プラットフォームごとのネイティブバイナリ展開。 Tesseract NuGet パッケージは、Windows x64 用の tesseract50.dll、x86 用の別のビルド、Linux x64 用の libtesseract.so などのプラットフォーム固有のネイティブバイナリを出荷しています。これらのバイナリは、P/Invoke 呼び出しが成功するために、実行時に正しい場所に配置される必要があります。 開発者ワークステーションでは、SDKがそれらを自動的にコピーします。 Dockerコンテナ、ARM64ビルドエージェント、または非標準のアプリケーションルートを持つAzure App Serviceでは、それらは動作しません。 新しいデプロイメントターゲットはすべてデバッグセッションとなる。

Leptonicaは隠れた依存関係として存在します。

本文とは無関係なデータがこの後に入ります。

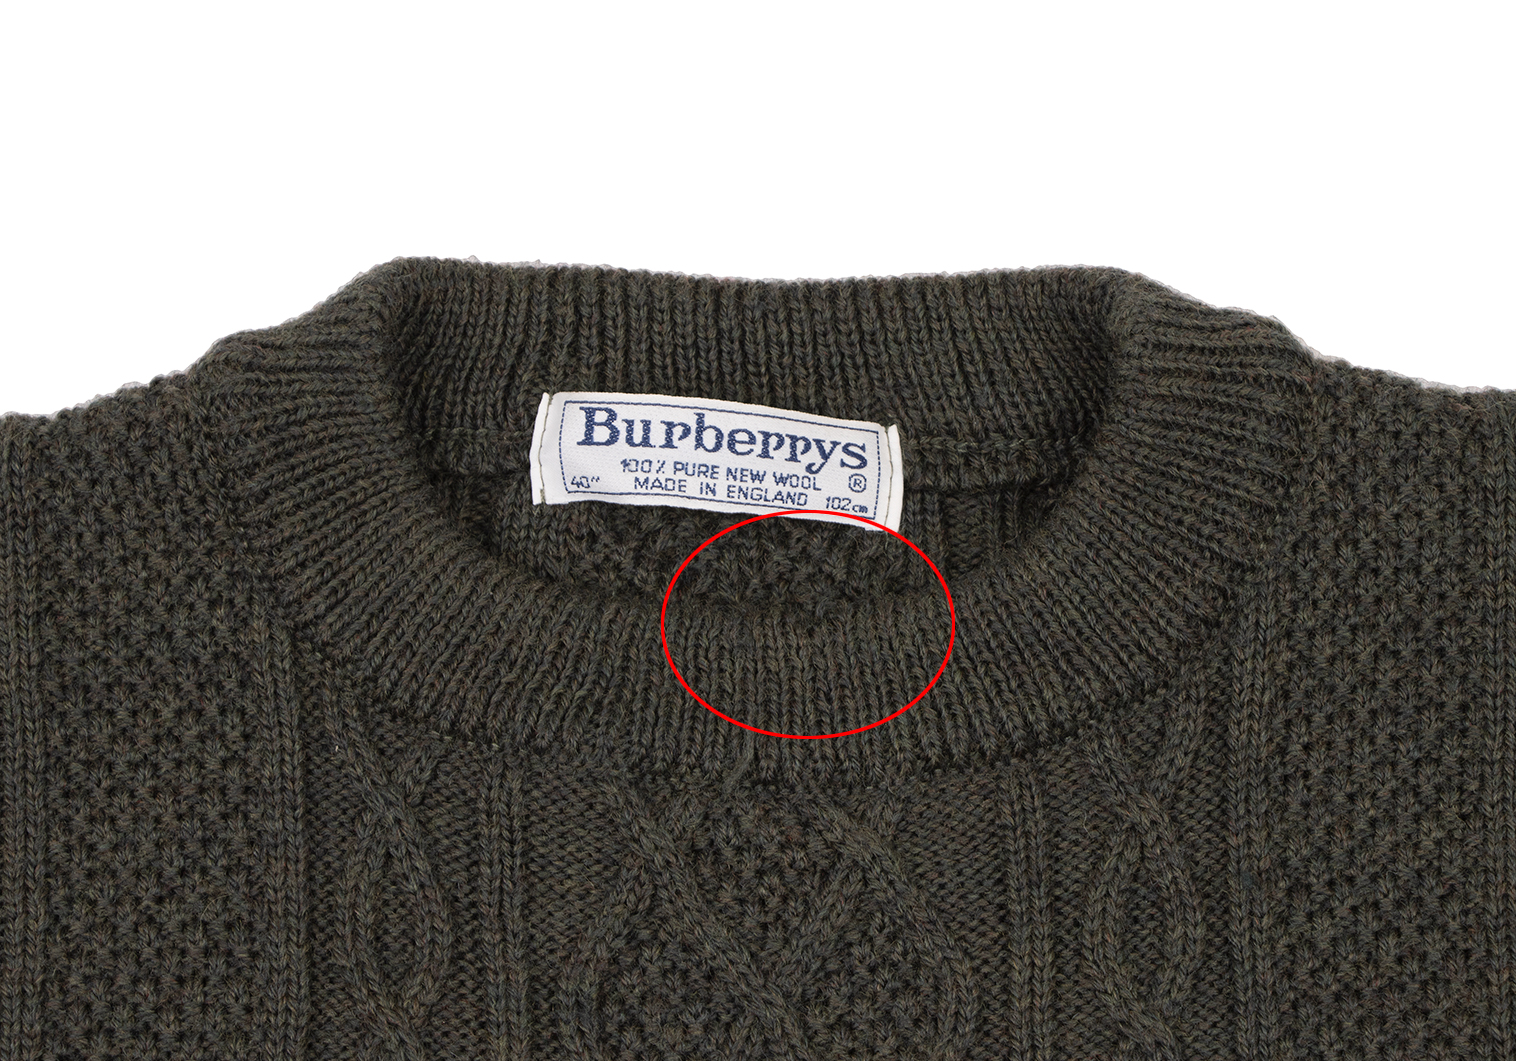 バーバリーズBurberrys' フロントロゴ刺繍ケーブルニットセーター 緑40

Tesseractの画像読み込みはLeptonicaライブラリによって処理され、LeptonicaはTesseractバイナリとともに独自のネイティブDLLセットとして同梱されています。 Windows では、leptonica-1.82.0.dll が出力ディレクトリに存在している必要があります。 Linuxでは、Leptonica共有ライブラリはバンドルされているか、システムパッケージとしてインストールされている必要があります。 Debian ベースの Docker イメージで libleptonica-dev がないと、Pix.LoadFromFile() の際に役に立たないネイティブ例外が発生し、それを修正するには依存関係を解決するシステムパッケージを知る必要があります。

アプリケーションロジックにおけるプラットフォーム依存コード。 ネイティブバイナリのロードと tessdata パスの解決の組み合わせにより、RuntimeInformation.IsOSPlatform() チェック、コンテナコンテキストのための環境変数検出、およびターゲットにより異なるパス構築ロジックを書くことを開発者に強制します。 そのコードにはOCRのロジックは一切含まれていません。 これは、パッケージのバイナリ管理が不完全であるためにのみ存在する、デプロイメントのための仕組みである。

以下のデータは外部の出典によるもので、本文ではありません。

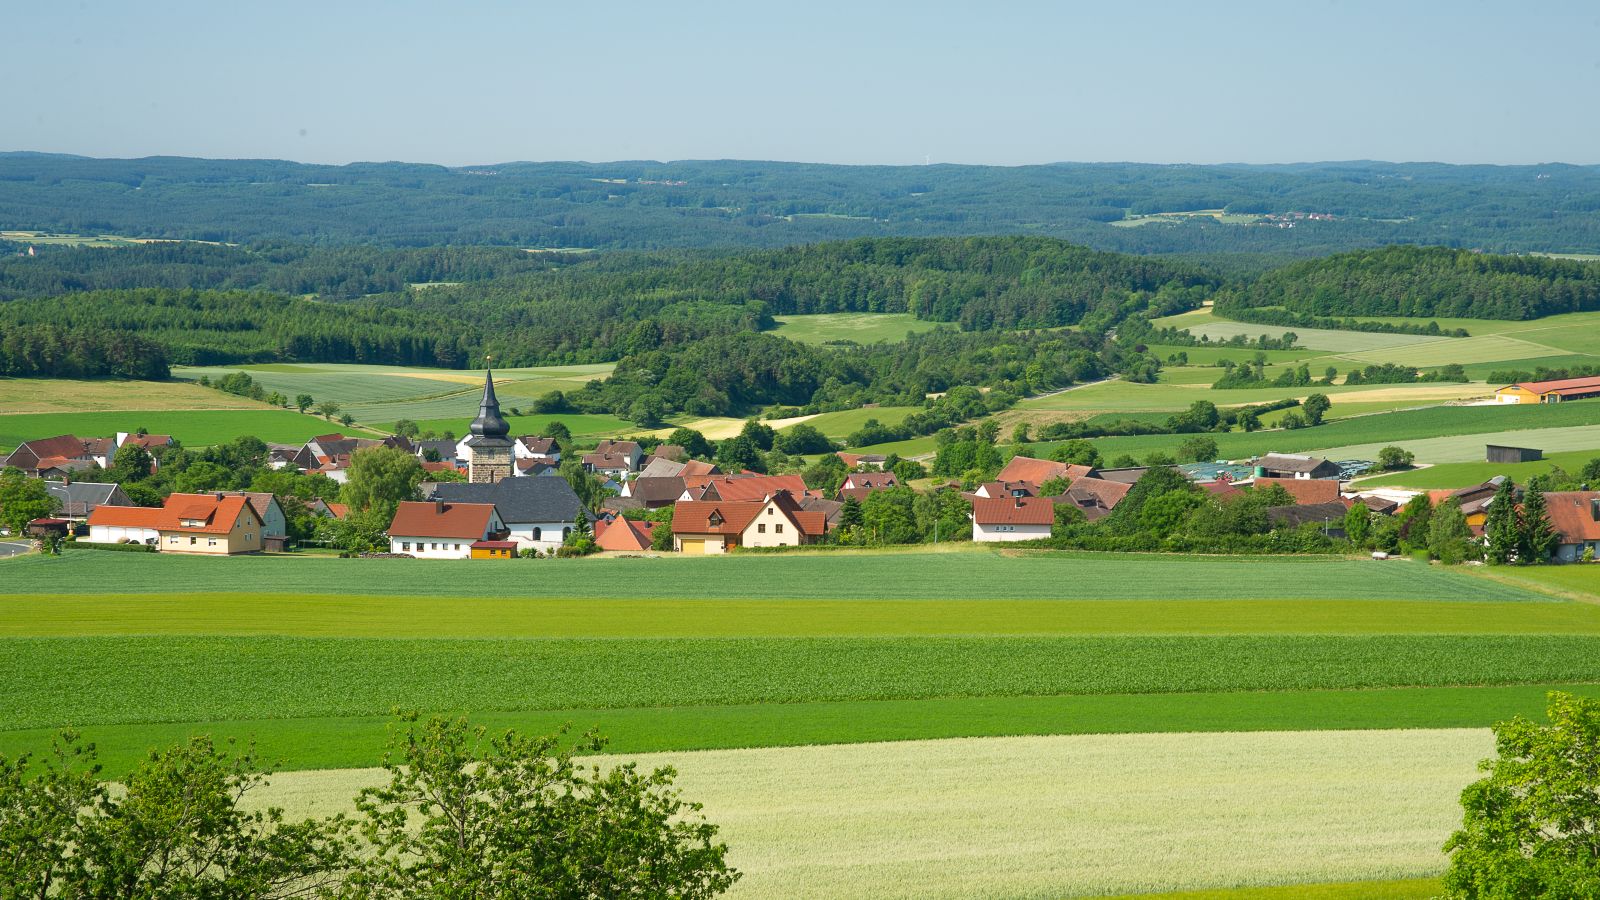 Zu sehen ist ein Dorf in einer grünen Landschaft mit Feldern und Wäldern.

**修復パスのないアーカイブ済みパッケージ。**リポジトリは2021年からアーカイブされています。Linuxホスト上のシステムパッケージの更新によってLeptonica ABIが変更された場合、または新しい.NETランタイムによってネイティブバイナリの読み込み動作が変更された場合、更新するバージョンはありません。 選択肢は、ネイティブビルドパイプラインをフォークするか、ライブラリを置き換えるかのどちらかしかない。

**Tesseract 4.1.1 エンジンのフリーズ。**このパッケージは Tesseract 4.1.1 をラップしています。Tesseract 5 で書き直された LSTM モデルは、劣化文書に対して大幅に高い精度を実現します。 そのアップグレードはcharleswパッケージでは利用できません。ライブラリを切り替える必要があります。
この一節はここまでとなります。